Ibaratnya kita naik sepeda melewati turunan, kita fokus
menyeimbangkan diri, menjaga agar nggak jatuh, sampai lupa menikmati
pemandangan sekitar. Dan Juli, datang sebagai alarm. “Sudah setengah jalan,
mau lanjut kemana?”.
Kalau ditanya, “Apa yang sudah terjadi di paruh pertama tahun ini?”
Jawaban saya mungkin tidak akan penuh prestasi besar atau pencapaian luar
biasa. Tapi banyak hal yang tetap patut dirayakan dan disyukuri.
Sebagai ibu, ada momen-momen sederhana yang membuat hati hangat.
Melihat anak tertawa lepas saat bermain, mendengar ia bertanya hal-hal kecil
yang membuat saya berpikir dua kali untuk menjawabnya. Momen remeh yang kadang
terlewat, tapi ternyata membuat jiwa saya penuh pelan-pelan.
Sebagai dosen, saya belajar banyak dari mahasiswa sendiri.
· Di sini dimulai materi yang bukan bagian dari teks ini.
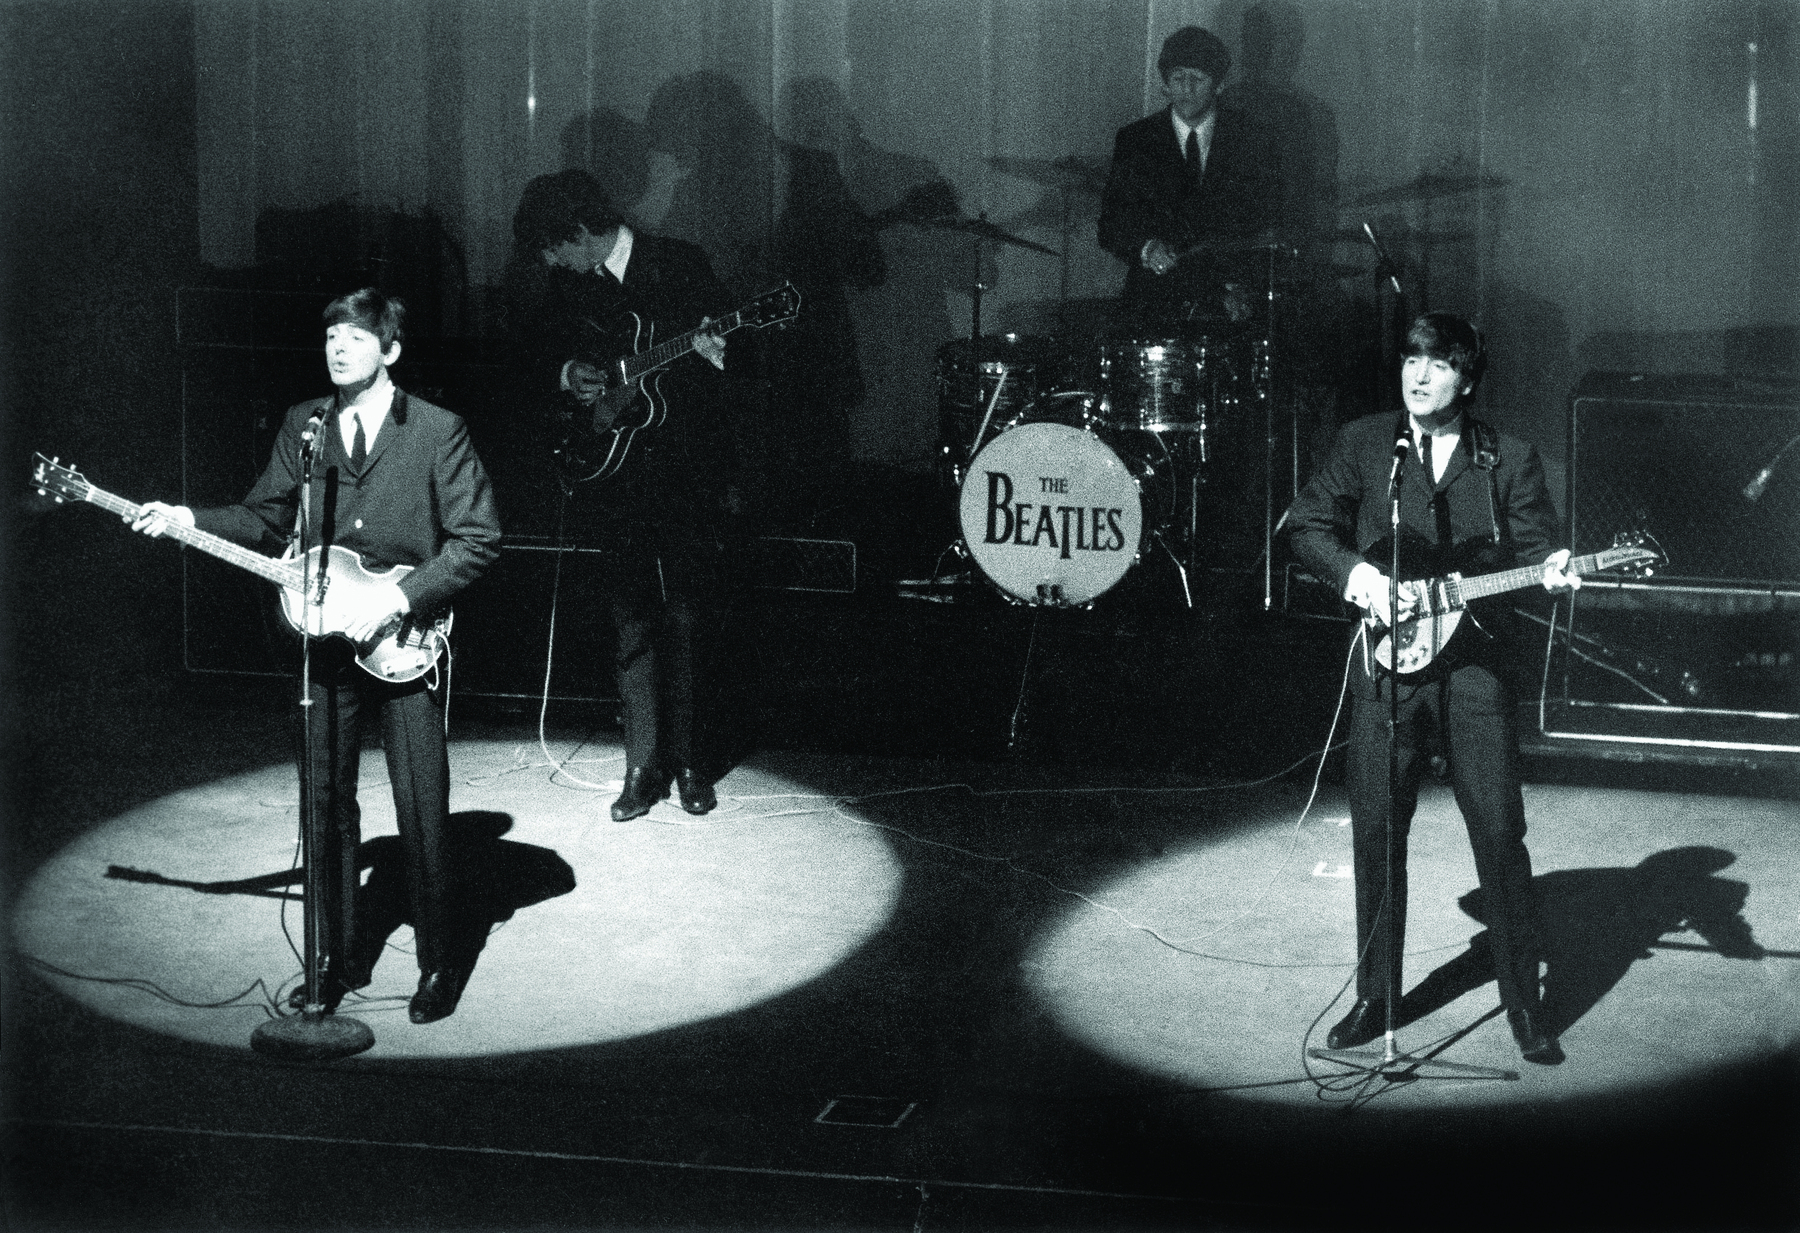 Fotografia em preto e branco. Show musical com quatro músicos no palco, todos usam cabelos curtos e vestem paletó e gravata. Os dois músicos em primeiro plano cantam e tocam. Ao fundo, no bumbo da bateria, há o logotipo da banda: “The Beatles”.
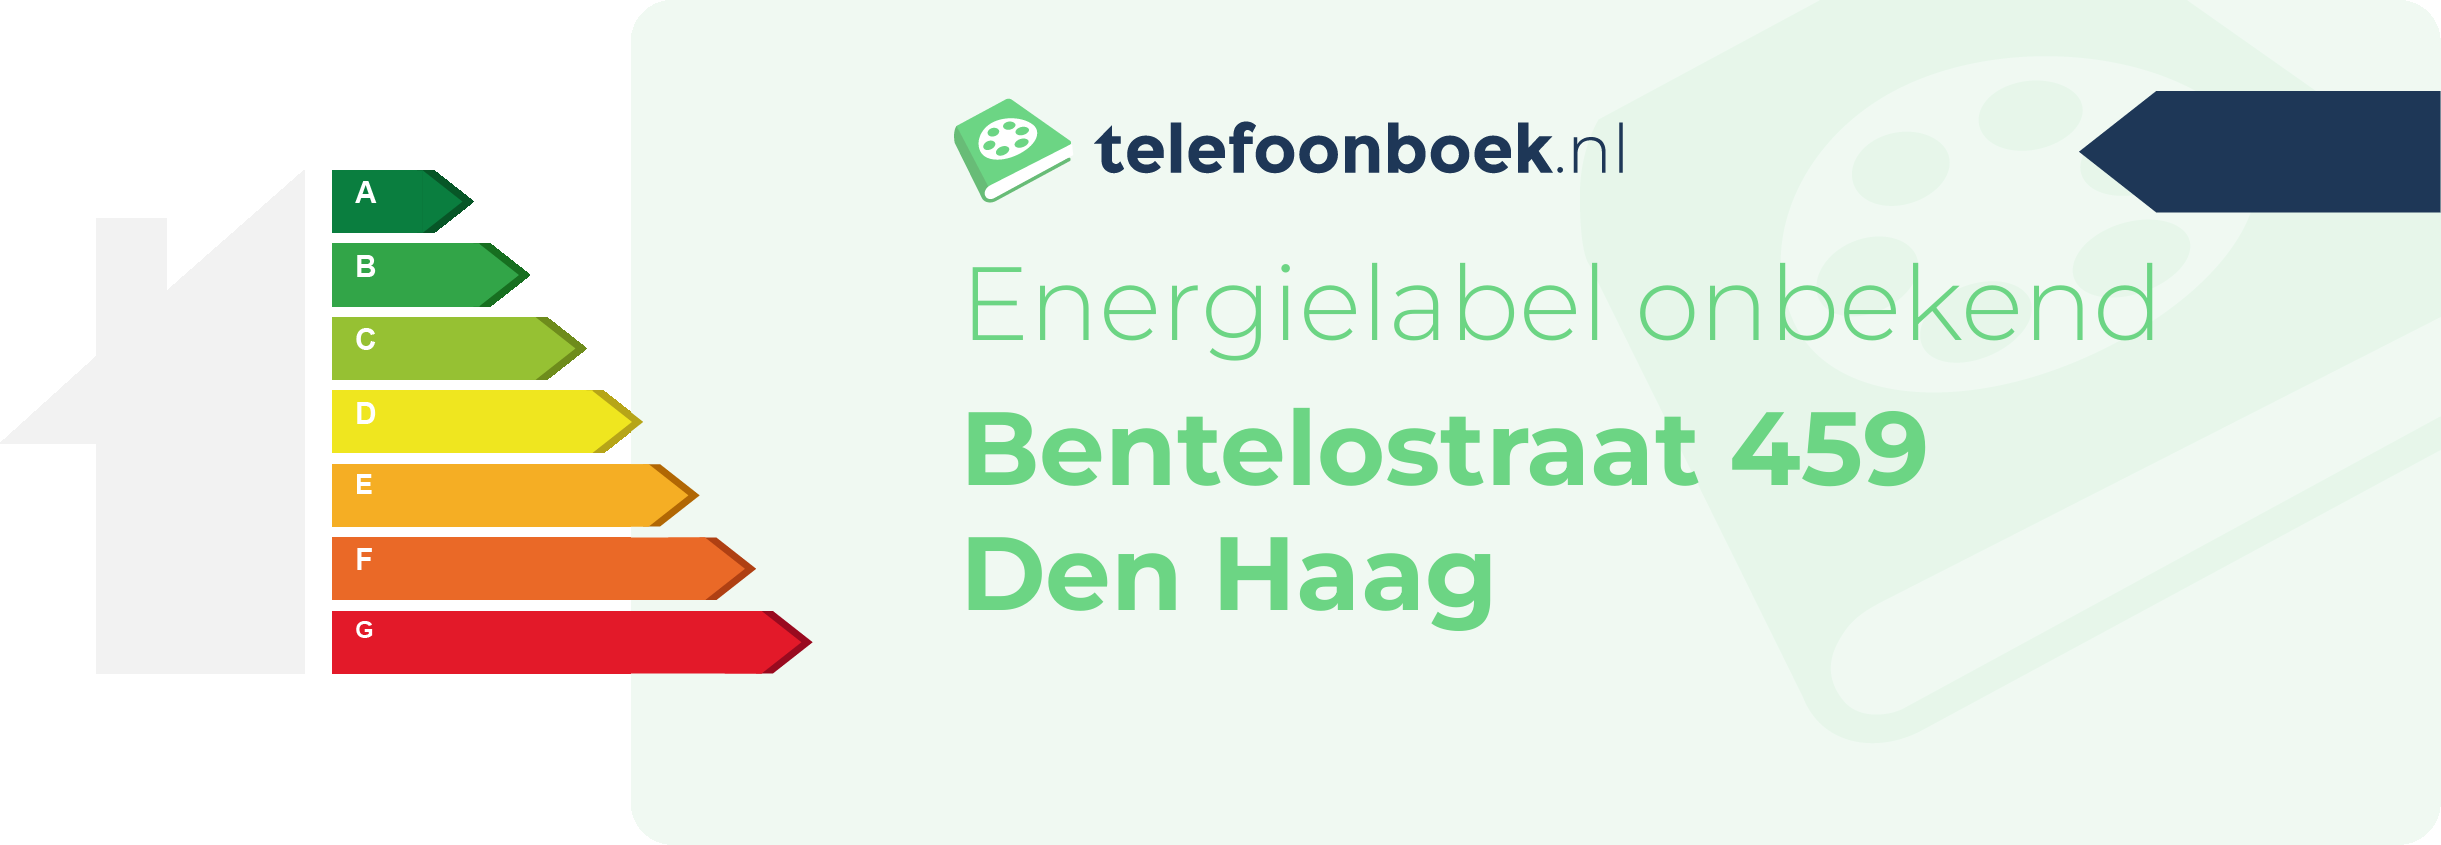 Energielabel Bentelostraat 459 Den Haag

Dari
antusiasme mereka di kelas microteaching, dari hangatnya diskusi dan refleksi
di kelas kompetensi guru PAI, dari pandangan mereka tentang kurikulum negara
ini di kelas Pengembangan kurikulum. Mereka "memaksa" saya untuk lebih banyak membaca, lebih banyak belajar.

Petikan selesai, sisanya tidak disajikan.